Friday, October 29, 2010

Prossesing Black and White Photos

1. A metal or plastic film tank,Three dark plastic containers to hold chemistry, Graduates (used to measure chemicals), A darkroom timer, A can opener and, A room that is totally light proof (not even the slightest sliver of light should be visible)
2.), Developer (see other sidebar), Glacial Acetic Acid (optional, for Stop Bath), Fixer (Kodak Rapid Fixer with Hardener is highly recommended) and, Hypo Eliminator.
3.) Remove the film from the cassette. Load the film onto either a metal or plastic film reel. Place the loaded reel in the film tank ad cover. Posses film by laying out the chemicals in front of you: a film developer (nickname: soup), a stop bath, and a fixer with hardener, and a hypo eliminator bath. Most film is processed between 65 and 75 degrees. Pour developer into the open part of the sealed film tank. Pour running water into the pour spout for one minute to stop development let the film sit in that for 30 seconds to wash off the developer. Pour in a tankful of Hypo Eliminator (also called Hypo Clearing Agent) and agitate for two minutes. One final wash, for five minutes. In about 1-2 hours, the film will be dry. Use scissors to cut the film into strips six negatives long. Be careful to cut the film in the space between the images.

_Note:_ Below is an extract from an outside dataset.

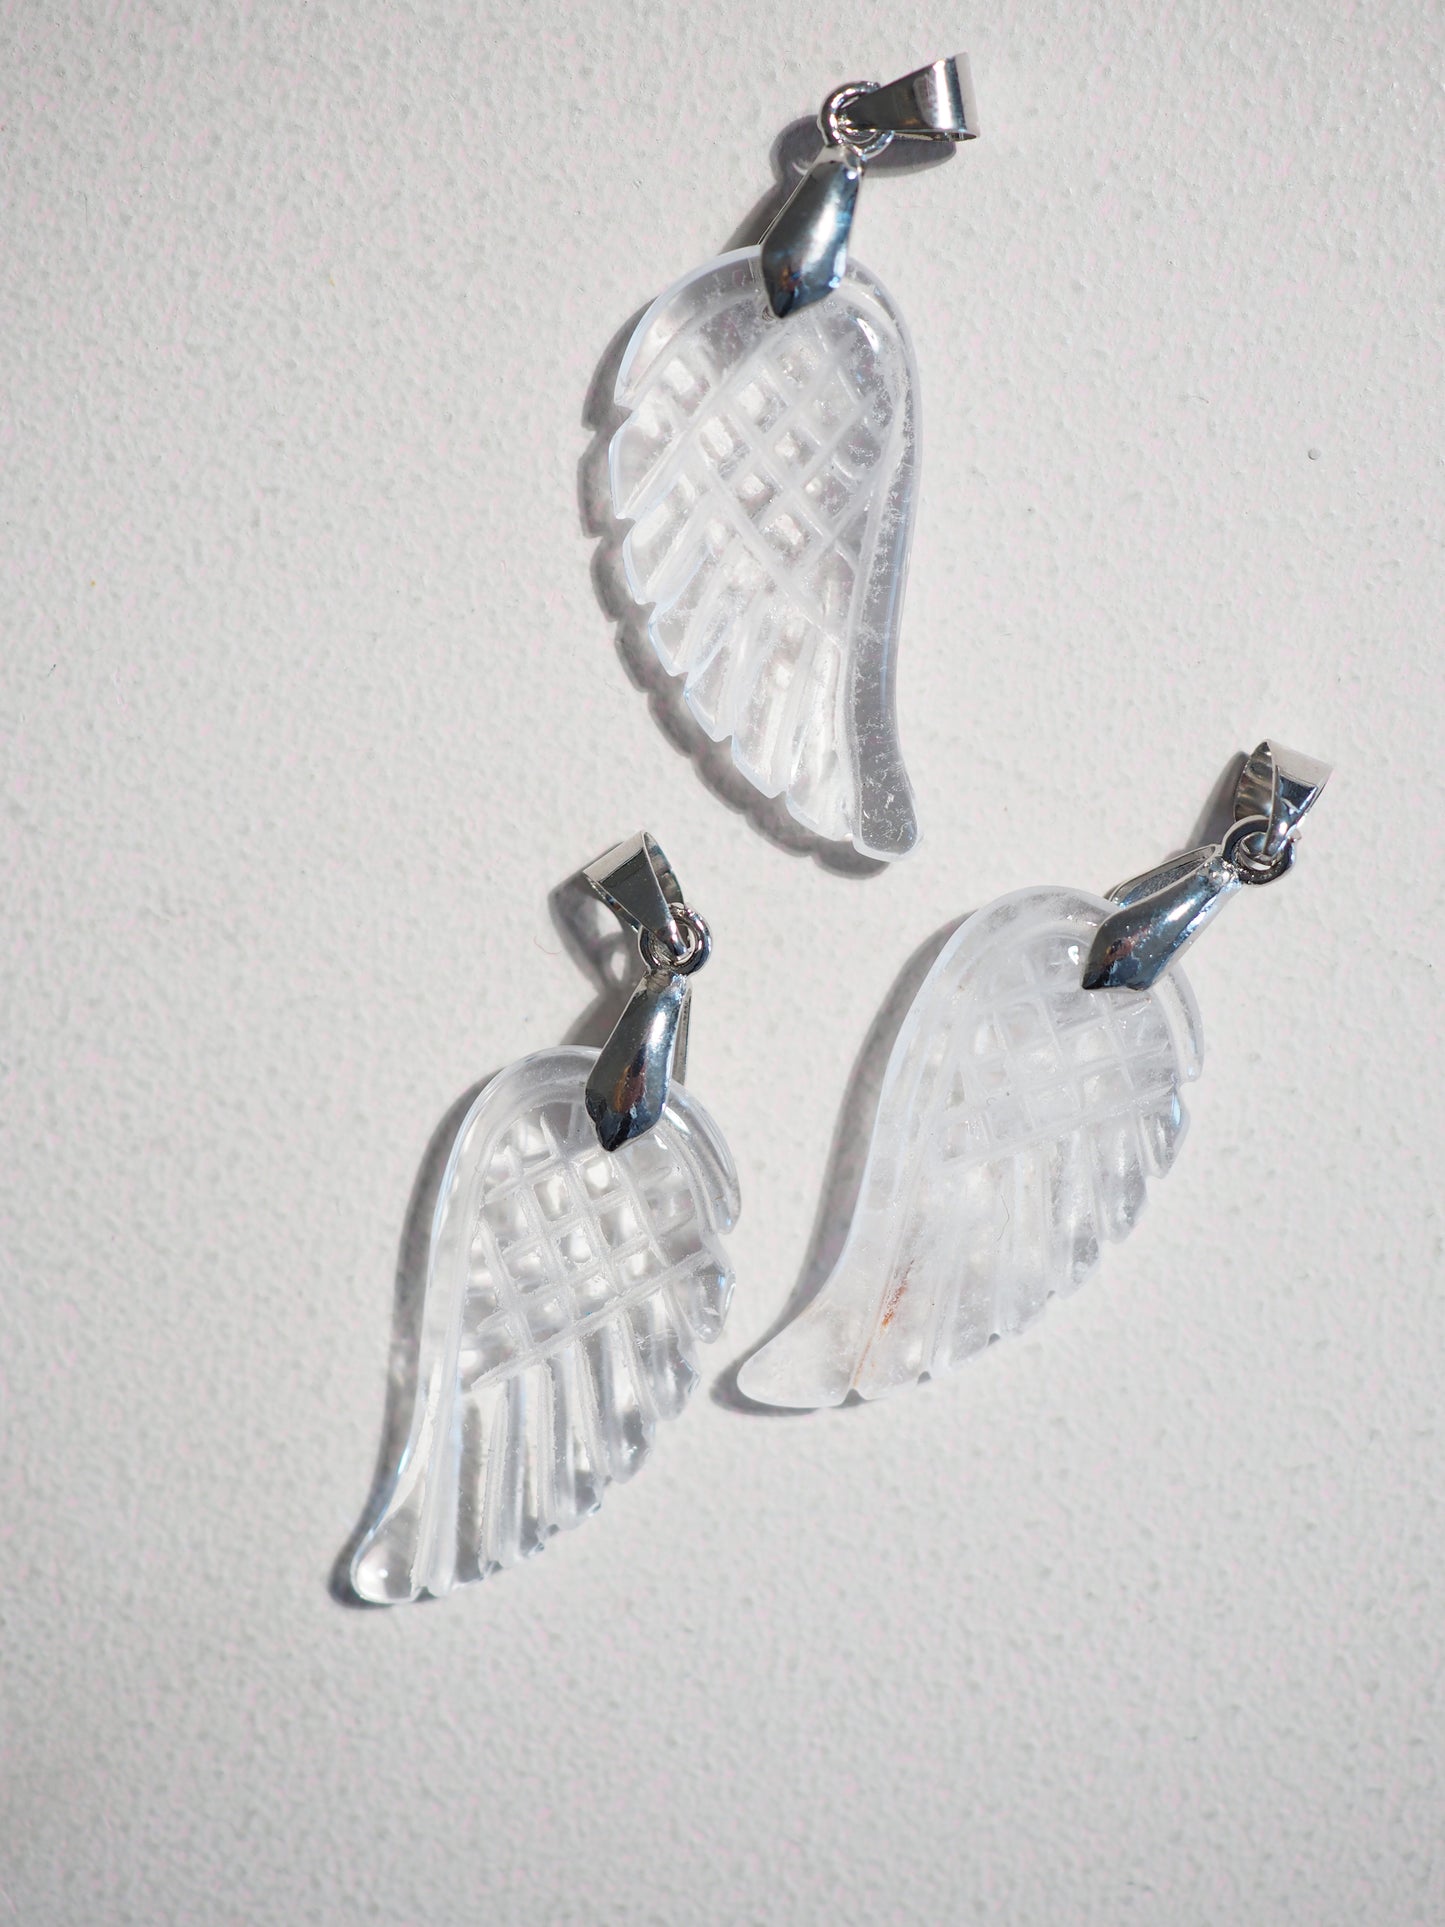 Bergkristall Engel Flügel Anhänger . Clear Quartz Angel Wing Pendant - aus China HIGH QUALITY

1. Contact sheet- a contact print, usually of all frames of a developed roll of negative print film, used as a proof print.
2. Enlarger- an apparatus used for making projection prints, having a head for holding, illuminating, and projecting a film negative and a bed for holding a sheet of sensitized printing paper.
3. Developer- a reducing agent or solution for developing a film or the like.